If $$1 + \frac{\sqrt{3} - \sqrt{2}}{2\sqrt{3}} + \frac{5 - 2\sqrt{6}}{18} + \frac{9\sqrt{3} - 11\sqrt{2}}{36\sqrt{3}} + \frac{49 - 20\sqrt{6}}{180} + \ldots$$ upto $$\infty = 2 + \left(\sqrt{\frac{b}{a}} + 1\right)\log_e\left(\frac{a}{b}\right)$$, where $$a$$ and $$b$$ are integers with $$\gcd(a, b) = 1$$, then $$11a + 18b$$ is equal to ______

Let's find the general term for the series (excluding the first '$$1$$' for now). We can break down the numerators and denominators to spot the pattern.

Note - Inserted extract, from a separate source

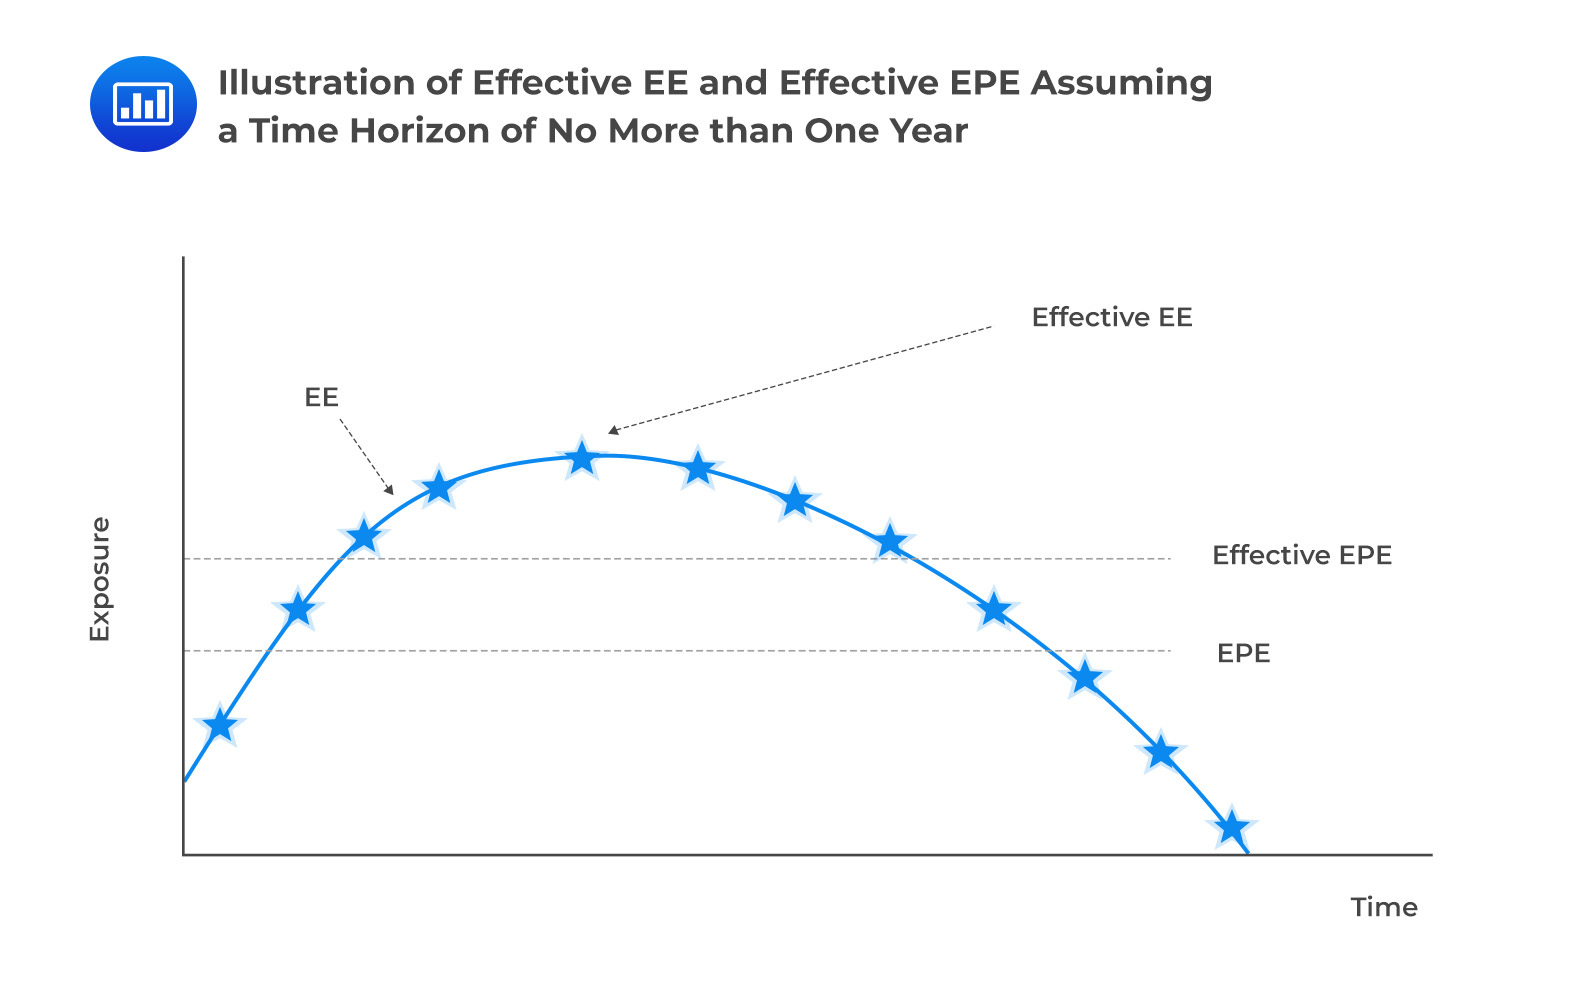 Illustration of Effective EE and Effective EPE assuming a Time Horizon of No more than one year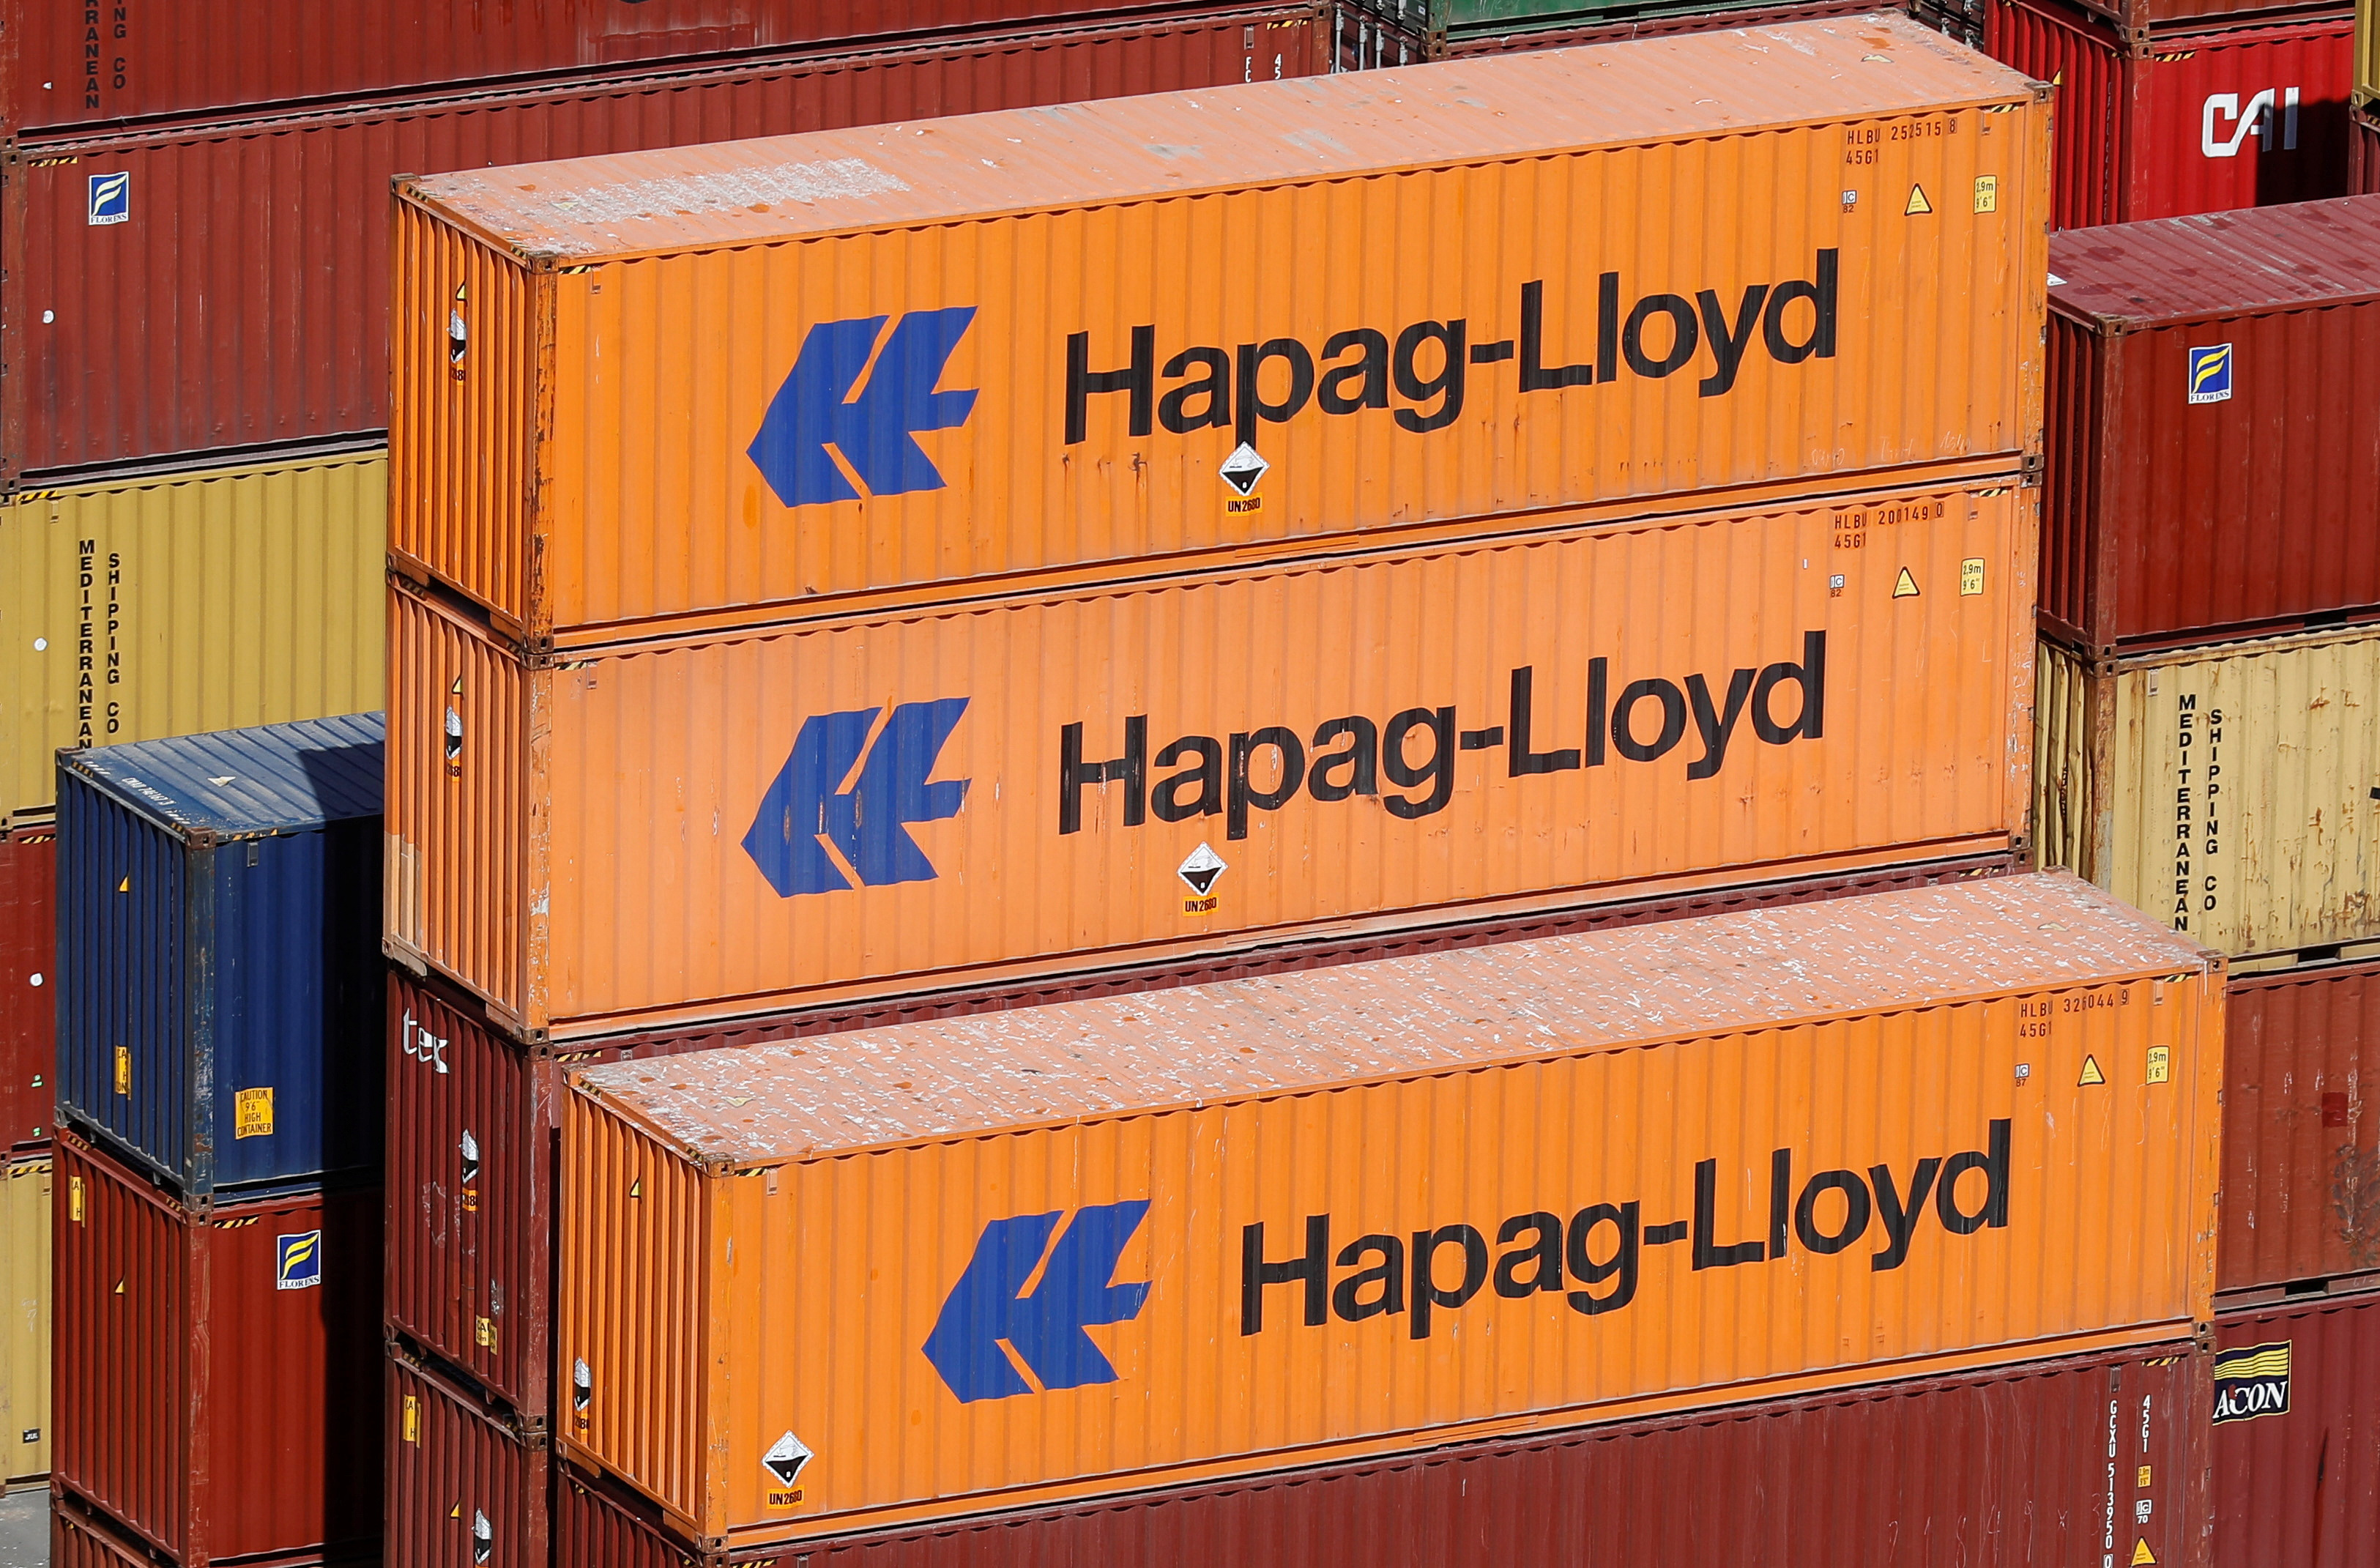 Containers of the Hapag-Lloyd shipping company are pictured at the Valparaiso port

1. Identifying the pattern:

Let's check the powers of $$(\sqrt{3} - \sqrt{2})$$ for the numerators:

• $$N_1 = (\sqrt{3} - \sqrt{2})^1$$
• $$N_2 = (\sqrt{3} - \sqrt{2})^2 = 5 - 2\sqrt{6}$$
• $$N_3 = (\sqrt{3} - \sqrt{2})^3 = 9\sqrt{3} - 11\sqrt{2}$$
• $$N_4 = (\sqrt{3} - \sqrt{2})^4 = 49 - 20\sqrt{6}$$

Now let's structure the denominators to match the $$n$$-th index:

• $$D_1 = 2\sqrt{3} = 2 \times 1 \times (\sqrt{3})^1$$
• $$D_2 = 18 = 3 \times 2 \times (\sqrt{3})^2$$
• $$D_3 = 36\sqrt{3} = 4 \times 3 \times (\sqrt{3})^3$$
• $$D_4 = 180 = 5 \times 4 \times (\sqrt{3})^4$$

Combining these, the $$n$$-th fraction of the series is:

$$T_n = \frac{(\sqrt{3} - \sqrt{2})^n}{n(n+1)(\sqrt{3})^n} = \frac{1}{n(n+1)} \left( \frac{\sqrt{3} - \sqrt{2}}{\sqrt{3}} \right)^n$$

Let $$x = \frac{\sqrt{3} - \sqrt{2}}{\sqrt{3}} = 1 - \sqrt{\frac{2}{3}}$$.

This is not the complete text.